▸ **WORK ITEM**:
Leave every picture out, and print the full listing again exactly.

▸ **RECORDED INFORMATION**:
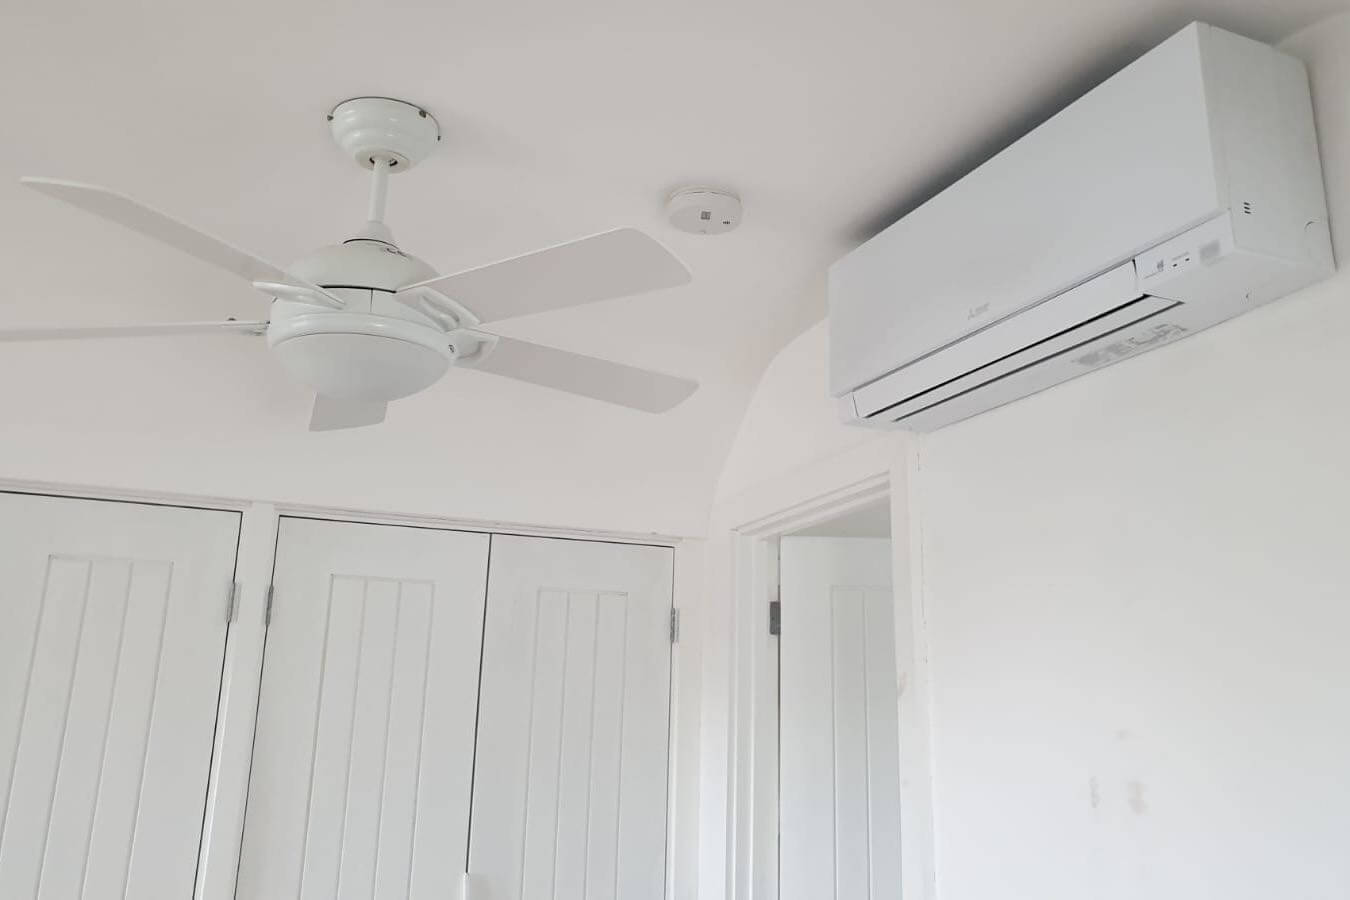 White wall mounted mitsubishi electric zen air conditioning unit in white room next to ceiling fan and cupboards
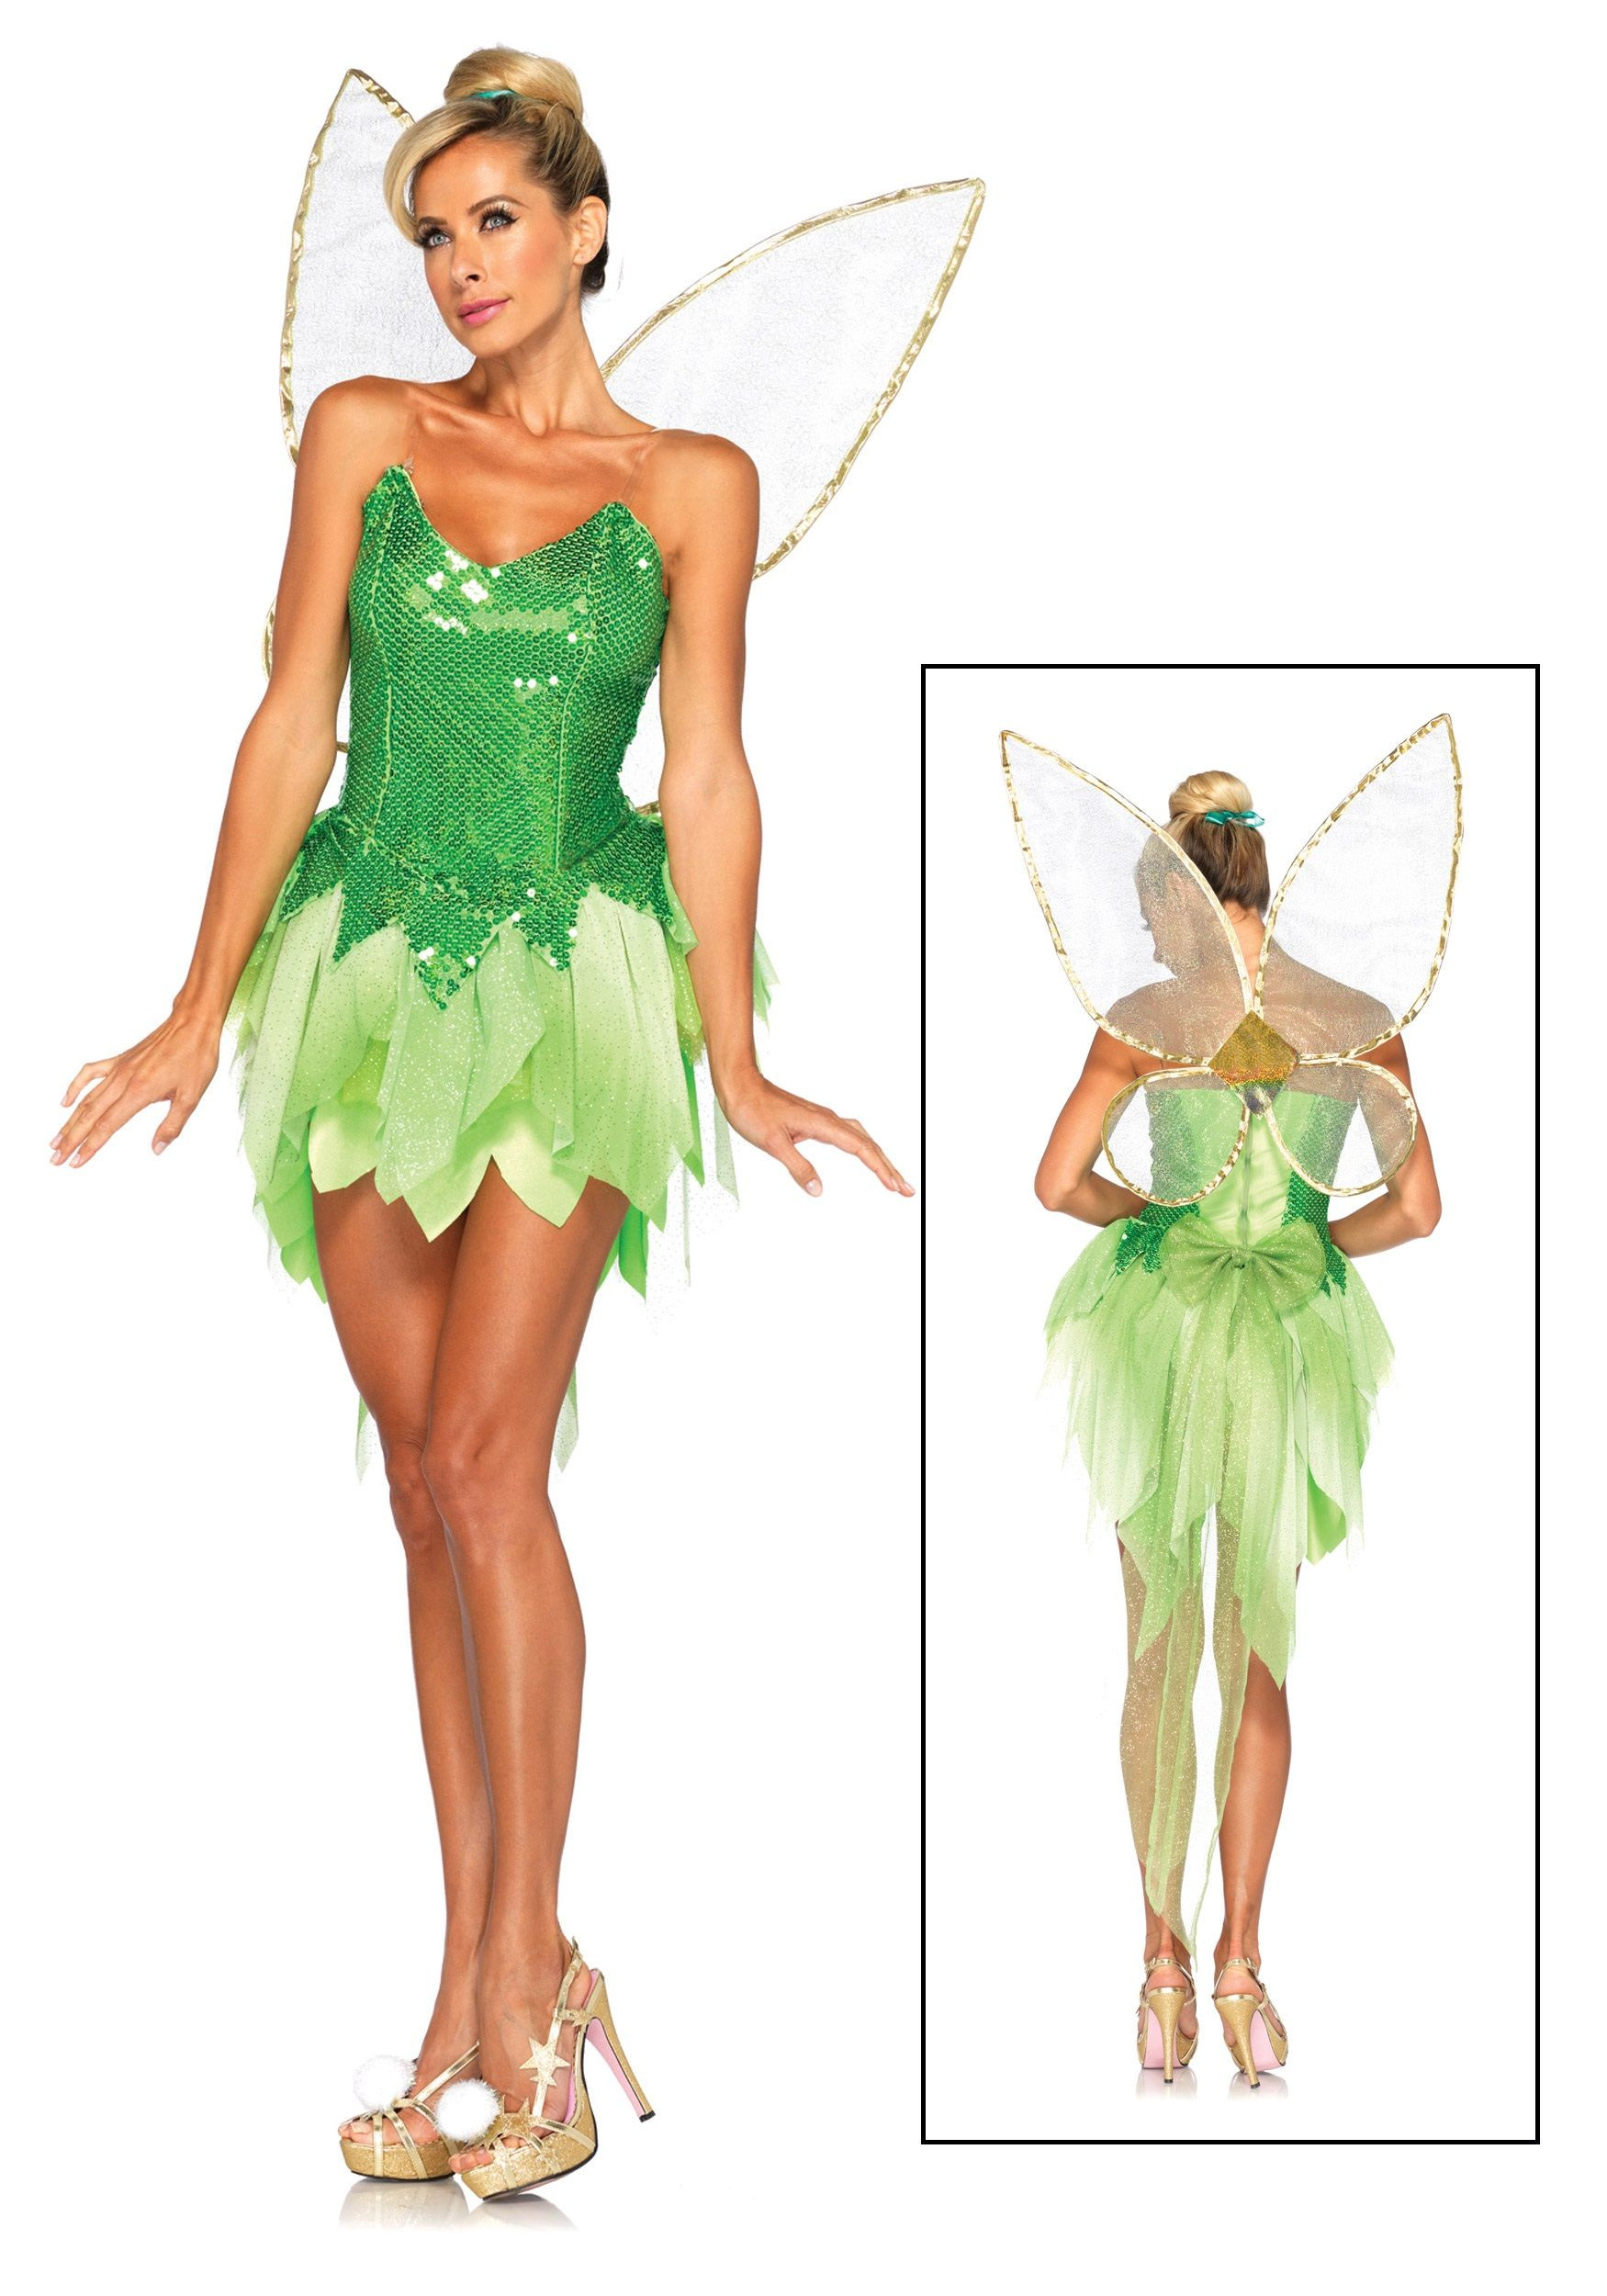 Tinkerbell Costume Adults DIY
 Womens Disney Pixie Dust Tink Costume in 2019

▸ **RESPONSE TO THIS EXERCISE**:
 White wall mounted mitsubishi electric zen air conditioning unit in white room next to ceiling fan and cupboards
 Tinkerbell Costume Adults DIY
 Womens Disney Pixie Dust Tink Costume in 2019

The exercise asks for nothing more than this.